Doorwerking van internationaal recht in de nationale rechtsorde

Banner - Doorwerking internationaal recht

© Raad voor de Rechtspraak

Doorwerking van internationaal recht in de nationale rechtsorde

Doorwerking van internationaal recht in de nationale rechtsorde

Regels van internationaal recht maken deel uit van de Nederlandse rechtsorde. Zodra regels van internationaal recht het Koninkrijk der Nederlanden op internationaal niveau binden, heeft het Koninkrijk de verplichting deze regels na te komen, ook in de nationale rechtsorde. Voor eenieder verbindende bepalingen van verdragen en van besluiten van internationale organisaties geldt op grond van artikel 93 van de Grondwet dat zij verbindende kracht hebben zodra zij zijn bekendgemaakt (in het Tractatenblad). Dit is van belang voor natuurlijke personen en rechtspersonen die een beroep op dergelijke bepalingen kunnen doen binnen de Nederlandse rechtsorde.

In de verhouding tussen het internationaal recht en het nationaal recht is het van belang dat staten het internationaal recht naleven. Het nationale recht mag geen inbreuk maken op internationaalrechtelijke verplichtingen. Het internationaal recht schrijft niet voor op welke manier verdragsverplichtingen doorwerken in het nationale recht.
Staten hebben de vrijheid zelf te bepalen op welke manier hun internationale verplichtingen doorwerken in de nationale rechtsorde. Dit neemt niet weg dat het internationaal recht een staat verplicht om zijn nationale rechtsorde zo in te richten dat die staat zijn internationale verplichtingen nakomt. Er zijn twee typen stelsels van doorwerking van internationale recht in de nationale rechtsorde: het monistische en het dualistische stelsel.

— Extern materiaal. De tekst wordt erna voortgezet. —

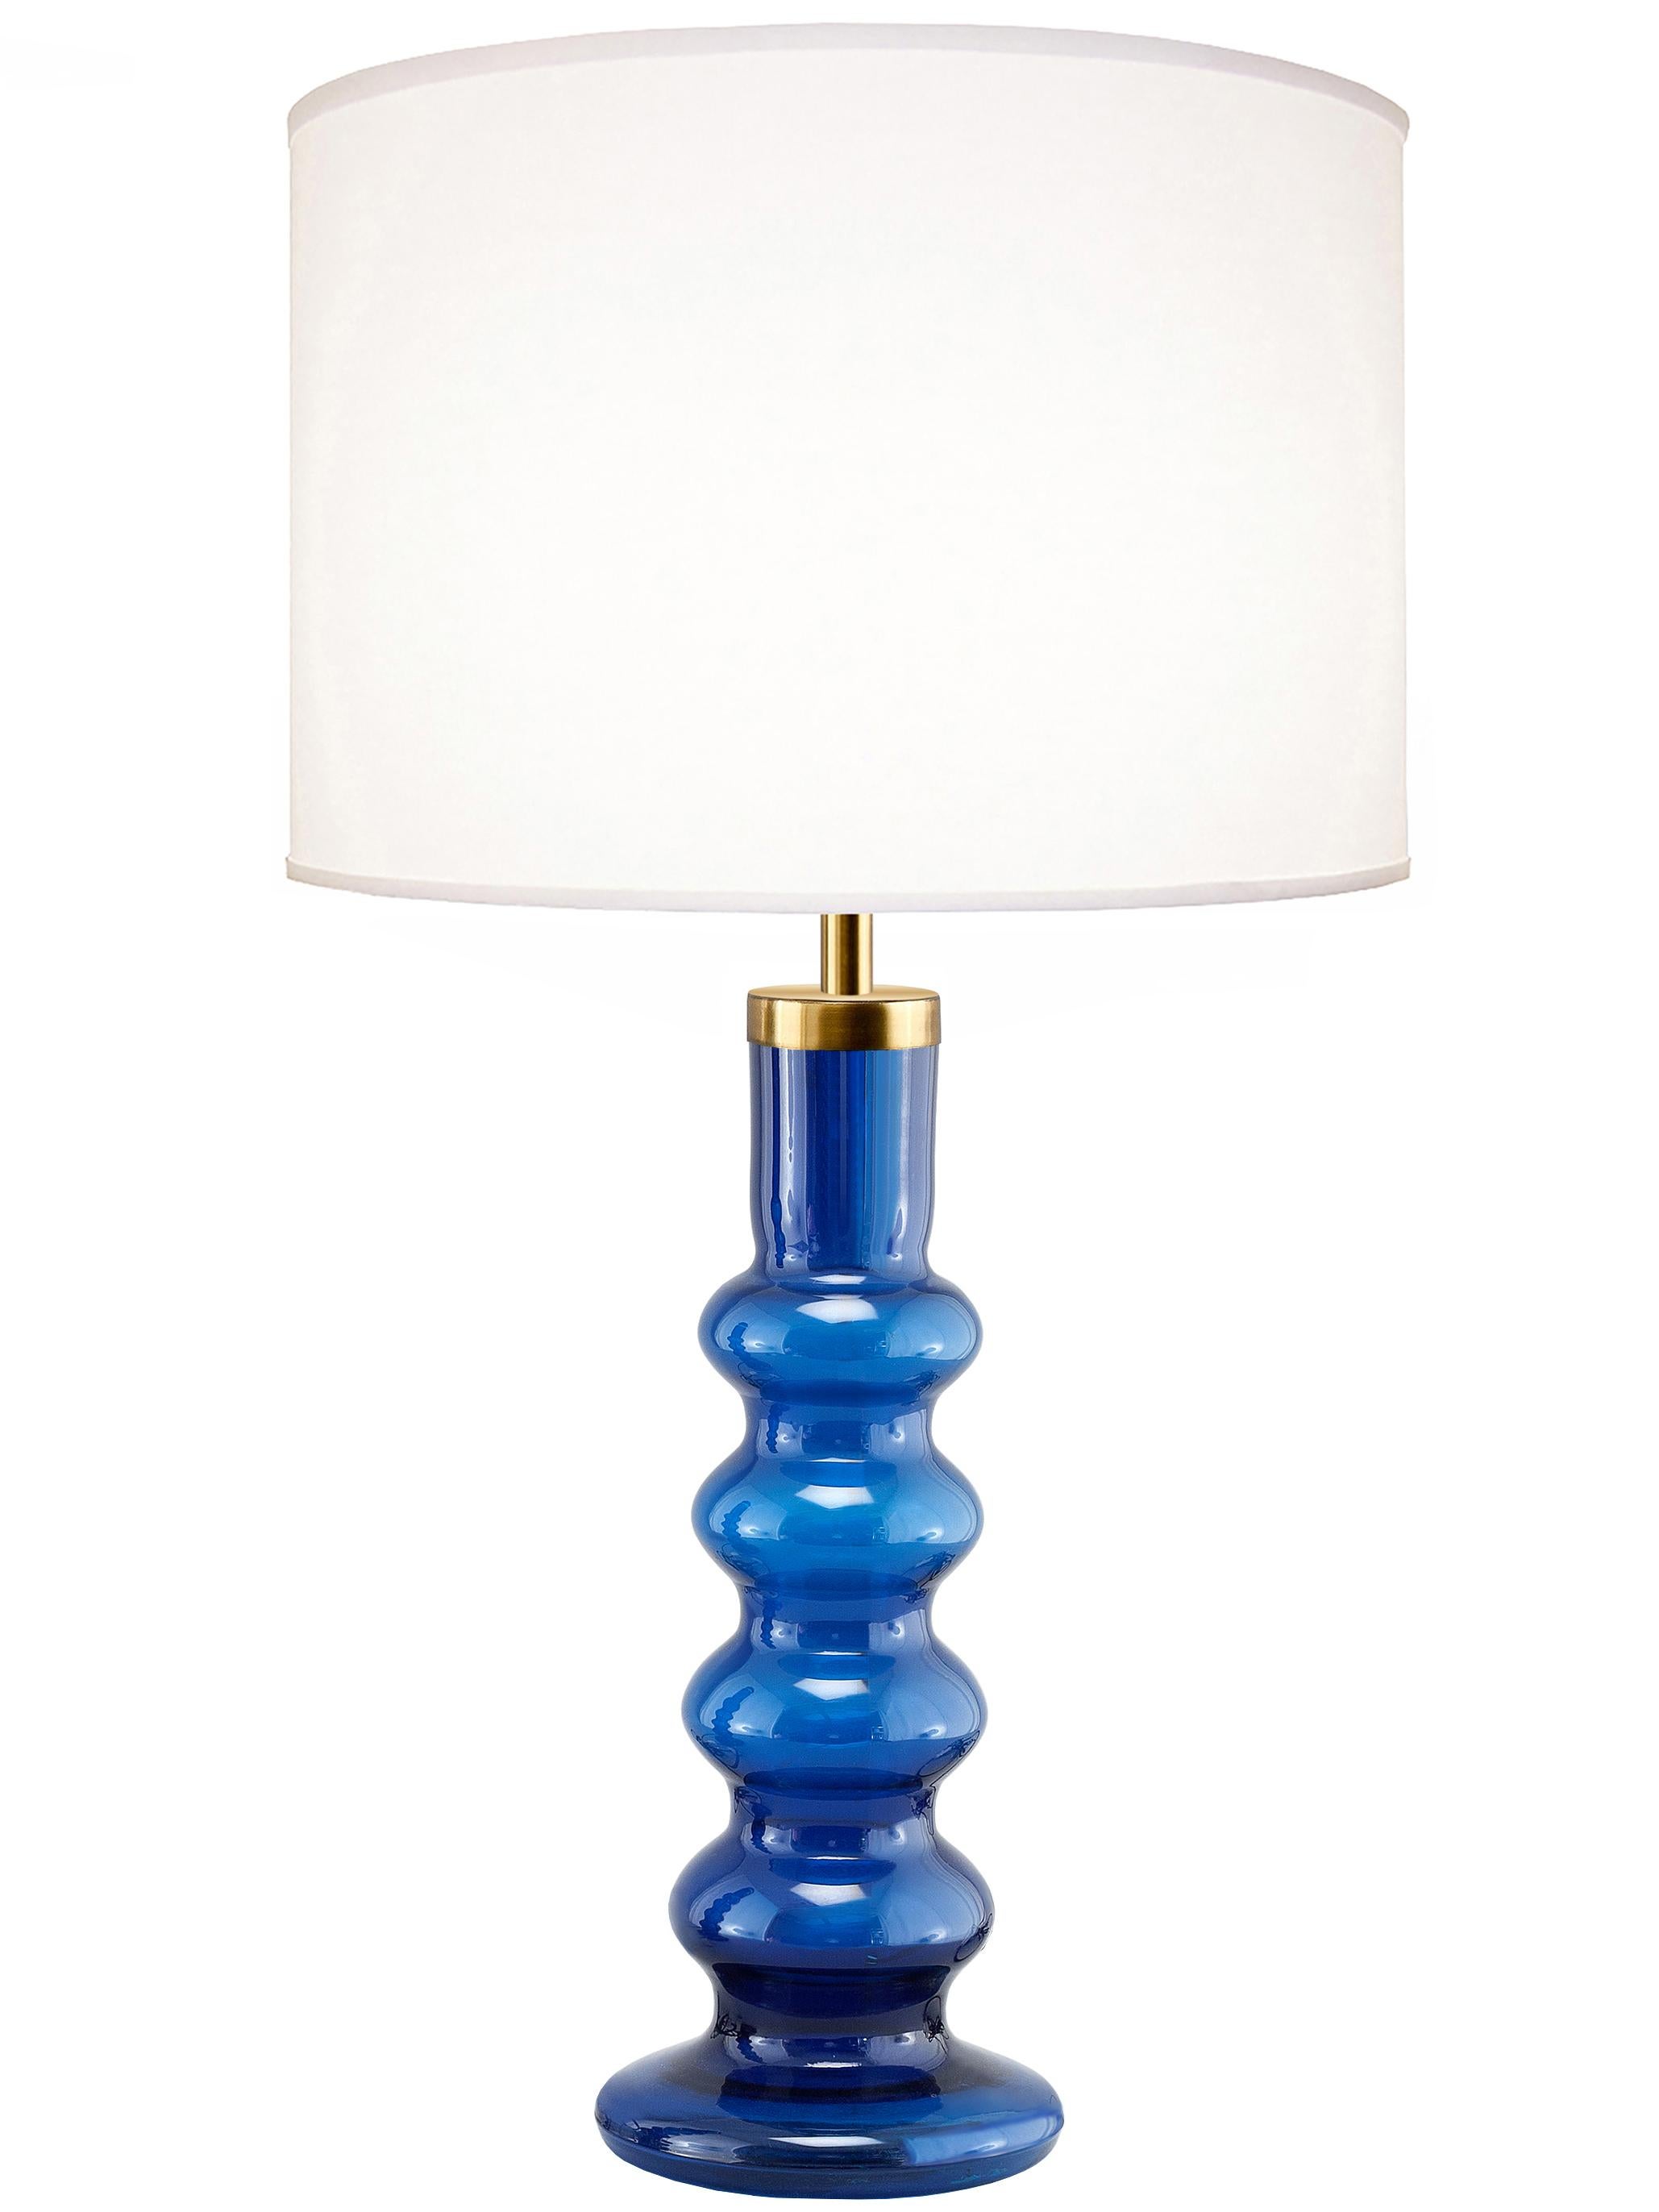 A pair of large blue glass lamps with brass hardware, Swedish, 1960s.

Monistisch en dualistisch stelsel

In het monistische stelsel is het voor de geldigheid in de nationale rechtsorde niet van belang of een regel een nationale dan wel een internationale oorsprong heeft. Omzetting van de regel van internationale oorsprong in een nationale regel is niet nodig.
In een dualistisch stelsel worden internationale bepalingen pas onderdeel van de nationale rechtsorde nadat zij door de nationale wetgever zijn omgezet in een nationale regel.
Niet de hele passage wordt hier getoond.